• **Task goal**
From the first line of the listing below to the line containing "Minecraft with RTX", write out everything exactly. No pictures.
[Data section]
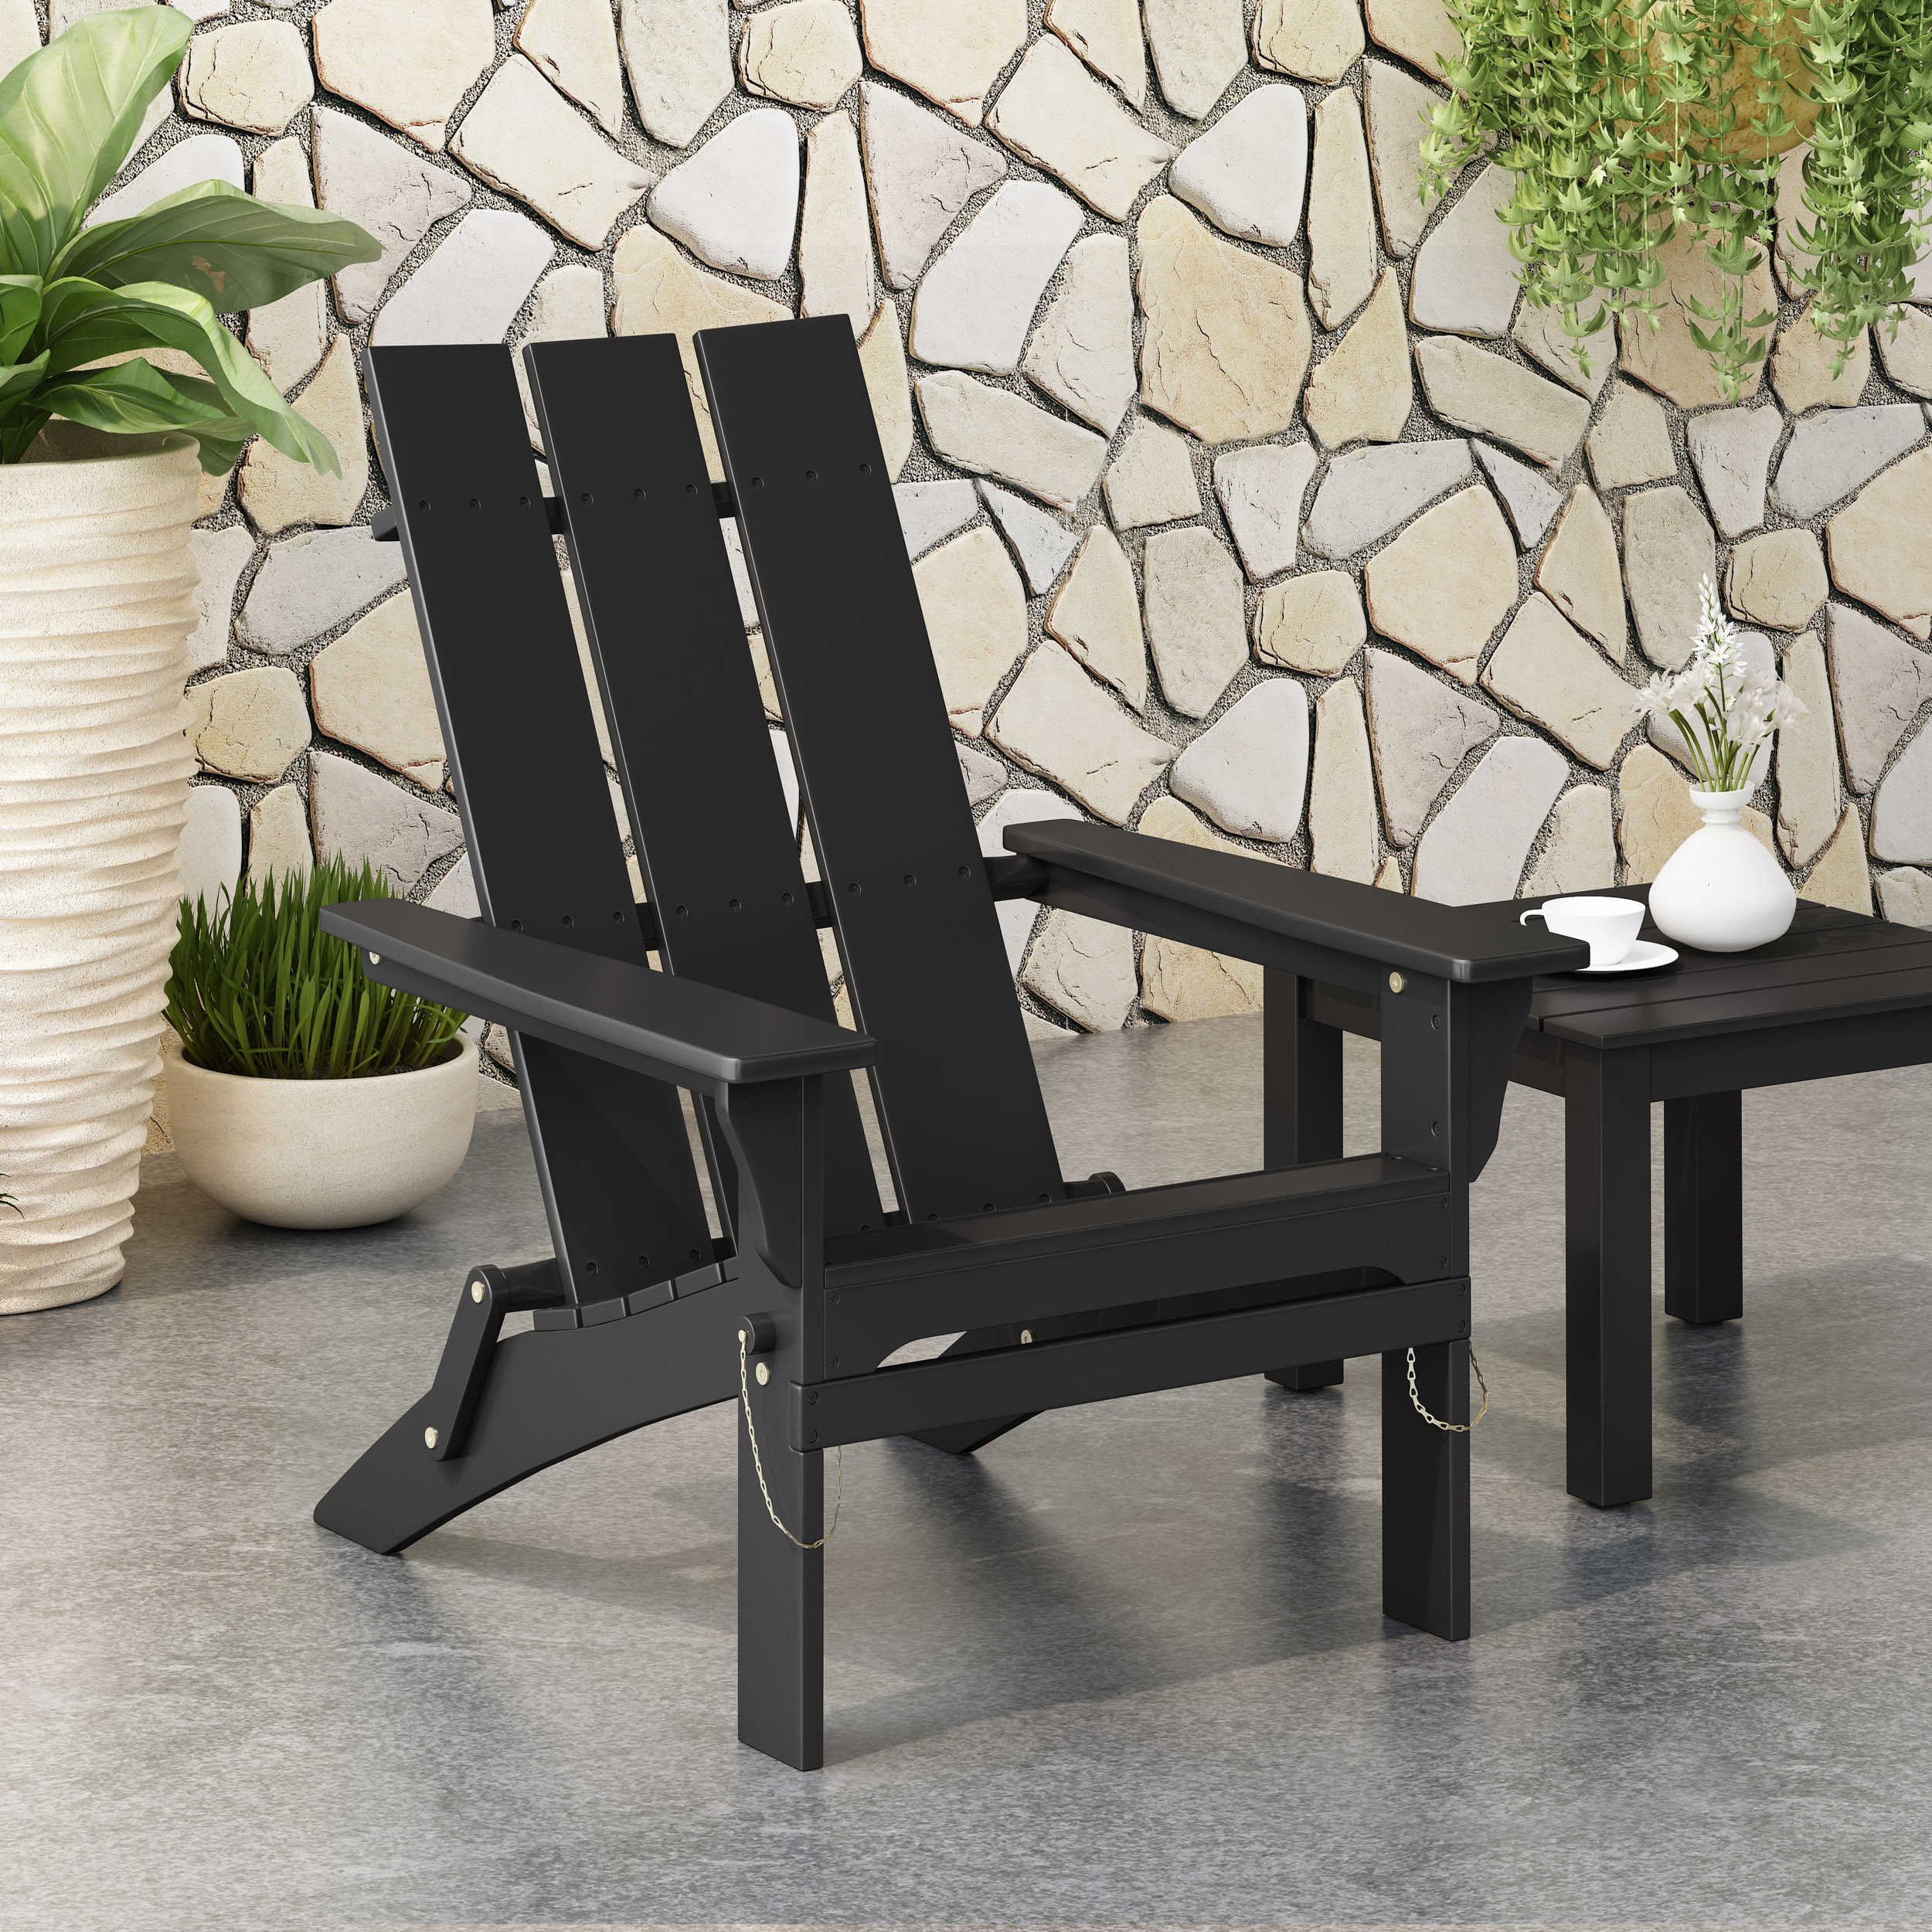 KUIKUI Outdoor Classic Pure Black Solid Wood Chair Garden Lounge Chair Foldable - image 2 of 7
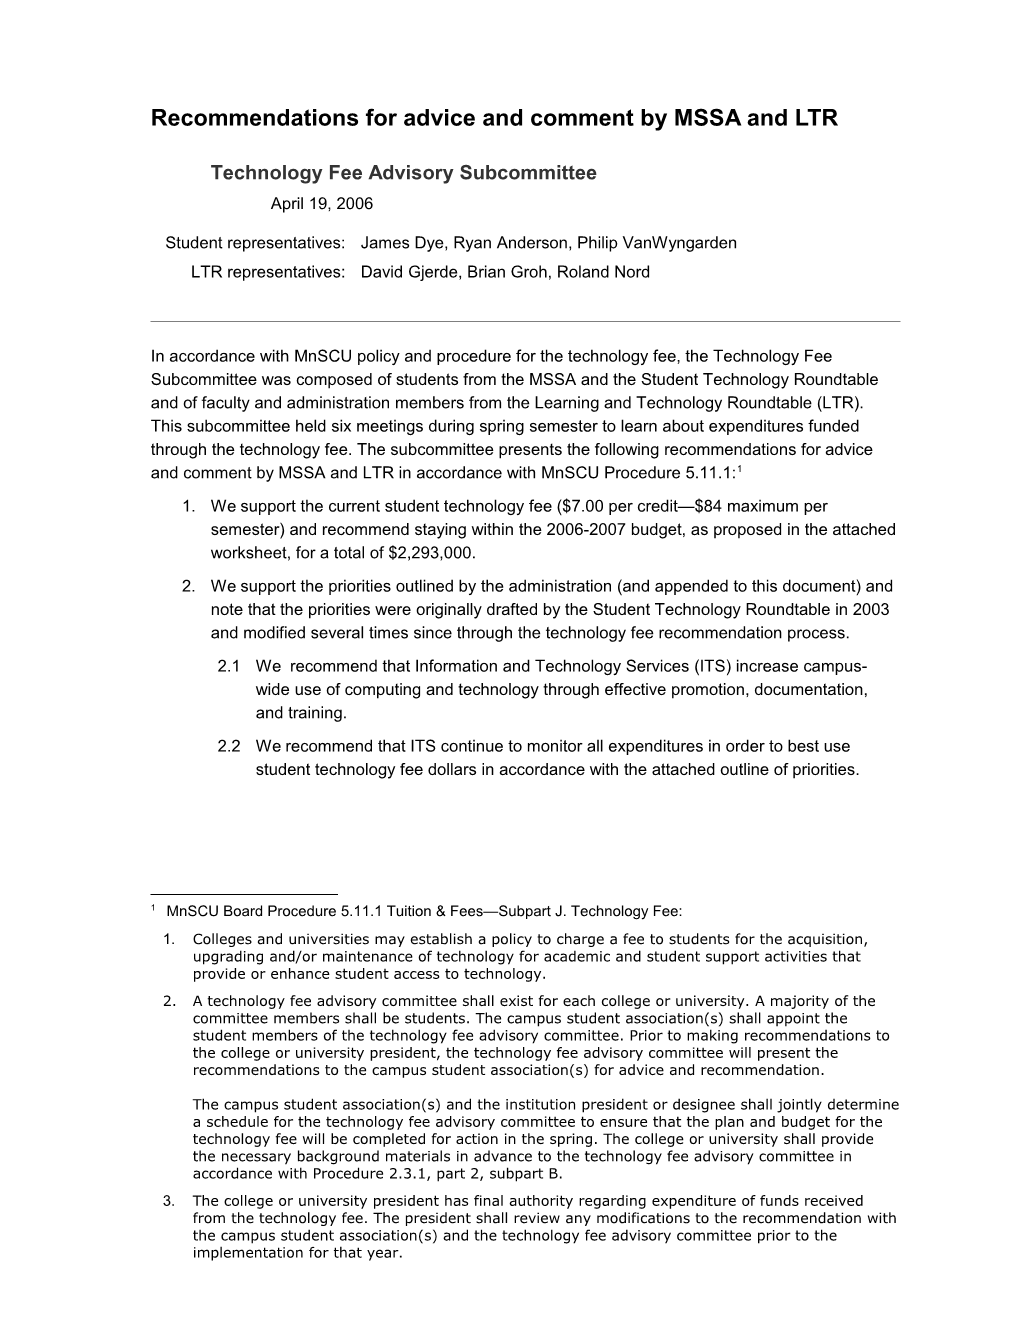 Technology Fee Subcommittee Recommendations
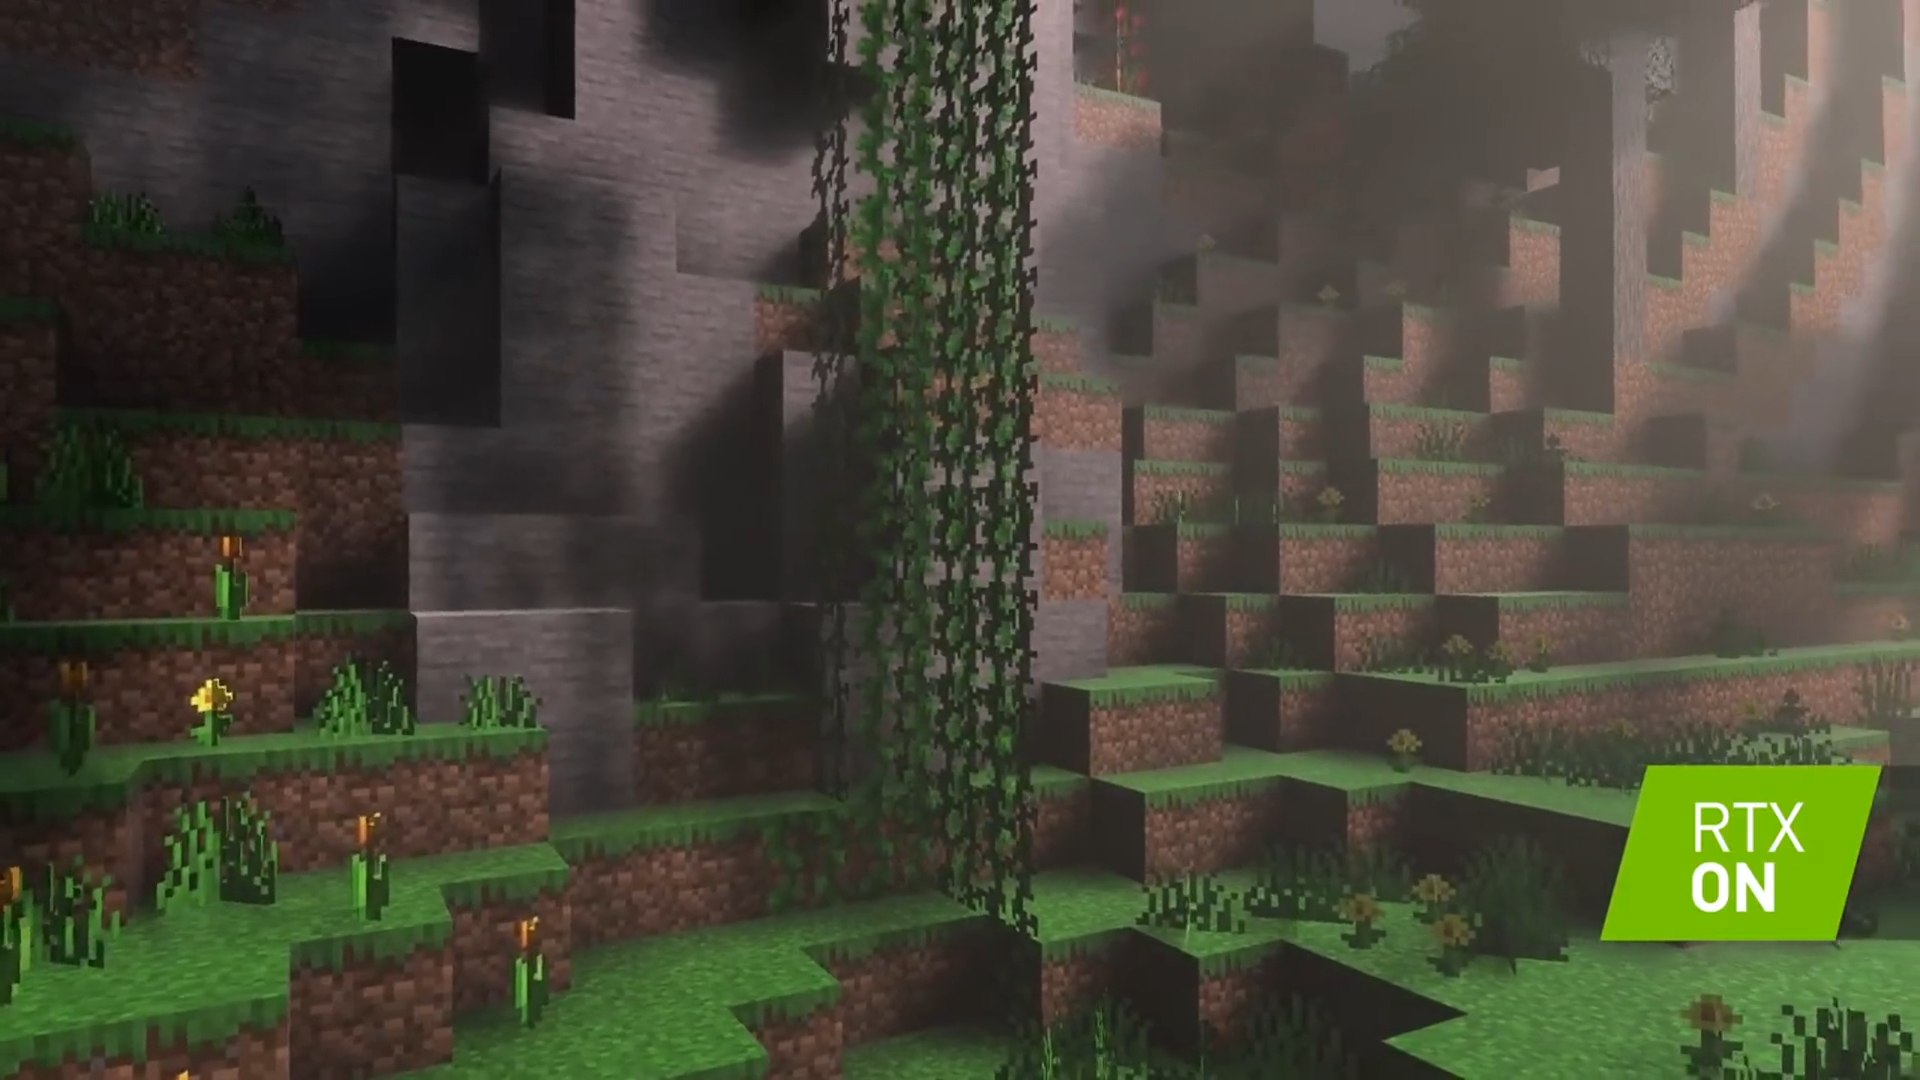 Minecraft with RTX  Official GeForce RTX Ray Tracing with HD Textures  Reveal Trailer 
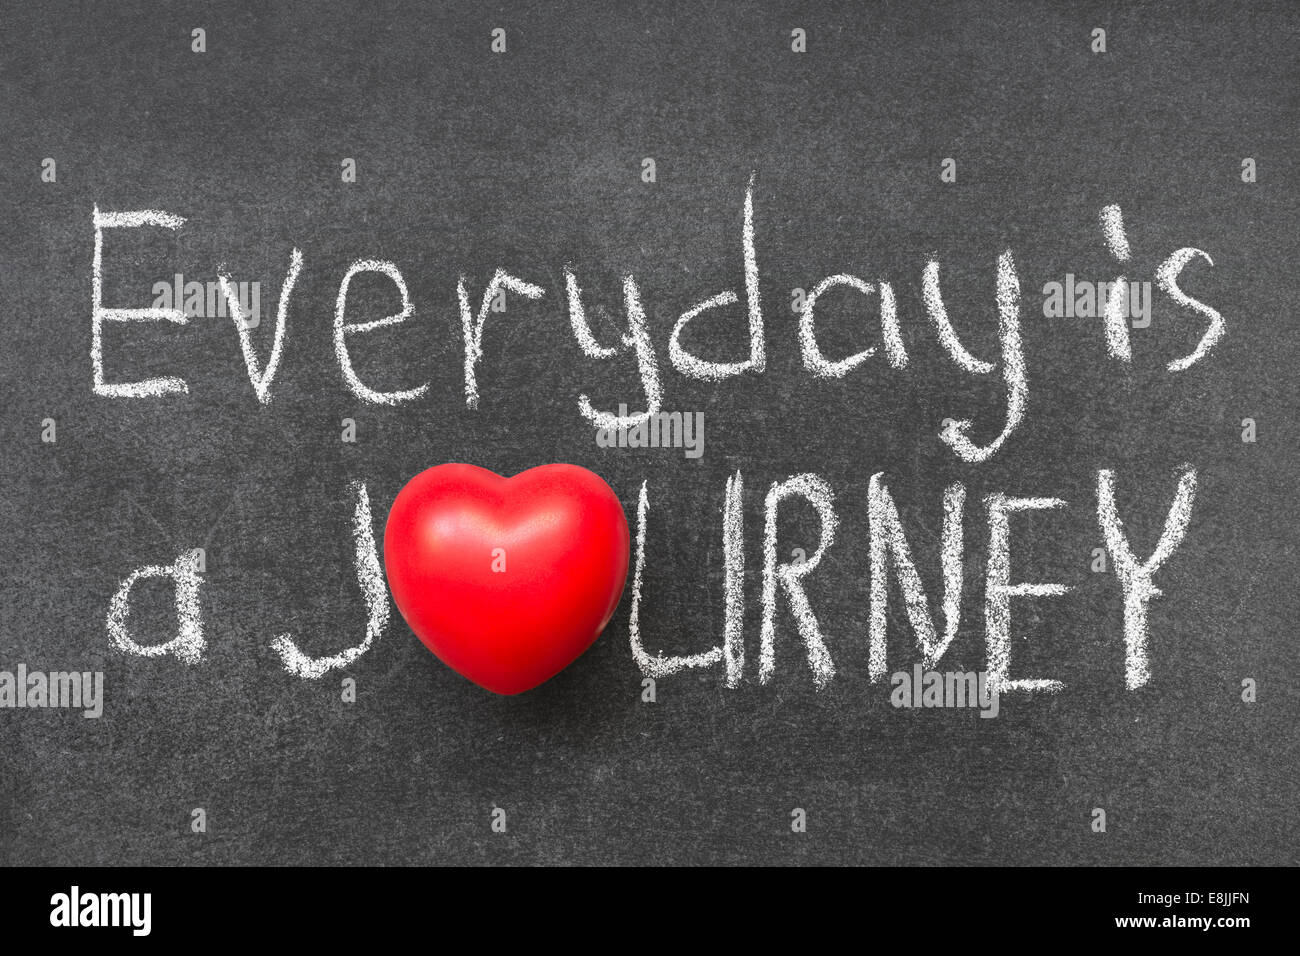 everyday is a journey phrase handwritten on chalkboard with heart symbol instead of O Stock Photo
[/Data section]
• **The answer**
 KUIKUI Outdoor Classic Pure Black Solid Wood Chair Garden Lounge Chair Foldable - image 2 of 7
 Technology Fee Subcommittee Recommendations
 Minecraft with RTX  Official GeForce RTX Ray Tracing with HD Textures  Reveal Trailer 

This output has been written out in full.